We are working with cannabis coaches, clinicians, growers, and researchers as the app gains uptake. Currently, they recommend strains to users and then watch the data. We can then hone in on which strains work best for particular symptoms and moods. This influences what the grower focuses on for their next grow cycle on or what the dispensary should order next.
As we gain more data, the app will begin to offer suggestions, especially if it detects negative patterns over time.
As for our moods, we have five levels of moods ranging from green (or happy) moods down to red (angry) moods. A complex algorithm assigns values to the combinations of moods chosen so it can be used for graphing and pattern analysis.
Lastly, we have a fourth module in the app called “impact”. Sometimes events in your life influence your mood (your dog dies, you get married, etc) and we want to be able to tell the difference between moods associated with symptoms and influences from external events.
Where does the information (treatment recommendations, mood patterns and graphs) come from?
Currently, we are not recommending anything through the app. We want to empower the user to see their own patterns and habits and make changes. Are you waking up every morning at 4 a.m. in pain? Perhaps you need a longer-lasting intake method (a capsule can last for many more hours than vaping, for example). It’s not always that simple though, and that is why the app data can be shared with the user’s doctor or coach to find the strains that best work for them.
Using colors for the moods can show at a glance how you are progressing week over week and month over month. Now they have data that tells them what they are doing is not working and that they need to make a change, get advice from a professional, and try different strains. Soon you will be able to also track your other medications alongside your cannabis treatments, water intake, blood pressure, and many more.
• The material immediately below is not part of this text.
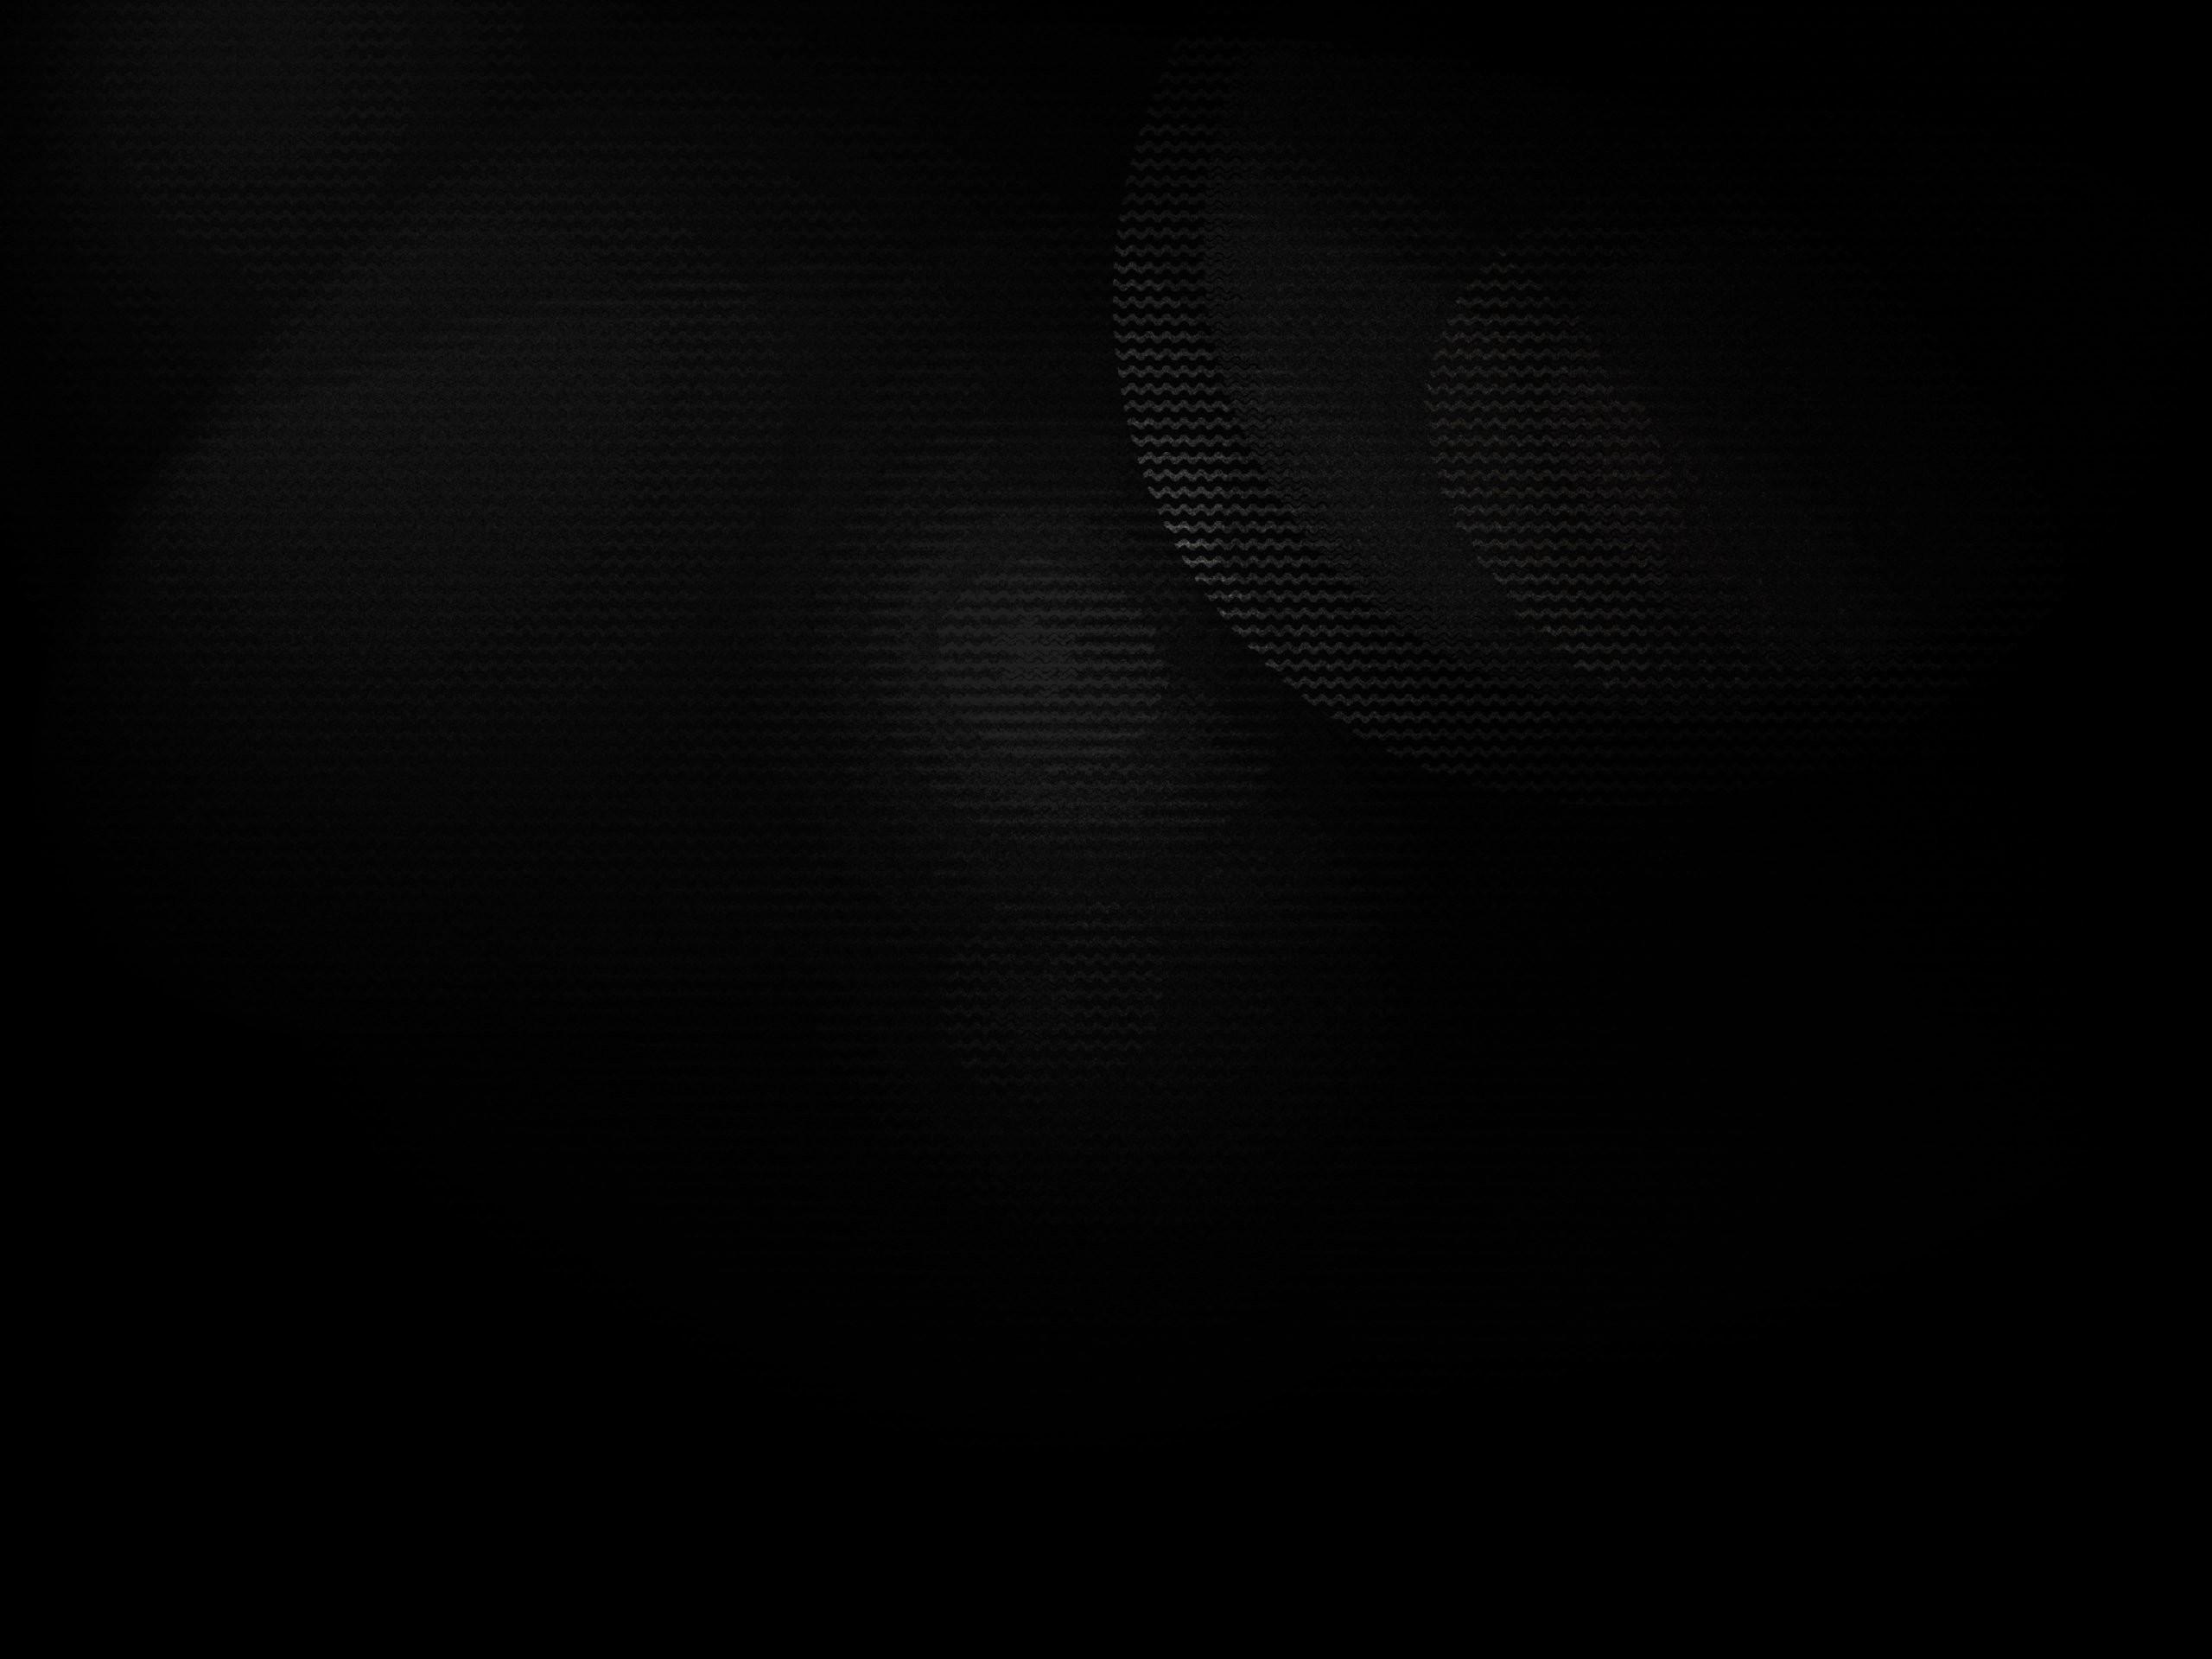 Abstract dark pattern digital grunge grayscale wallpaper      307124   WallpaperUP

Our lead developer is Richard Bennett, who has a doctorate in machine learning and data analytics. Our team is made up of coders with past employment at Microsoft, IBM, McAfee, and Boeing. We also have several PhDs on staff who excel in math and algorithms.
Is there a social media/sharing aspect to this technology?
Definitely not. We want people to share their feelings and symptoms in the app and feel comfortable being candid. Adding in Facebook might deter people from being honest. If the user consents, then they can share their data with their doctor, cannabis coach, or as part of a group gathering data on strains. The technology was designed to be very secure (the background of most of the team was in IT security, myself included). Our technologies meet or exceed all standards for security and privacy in North America.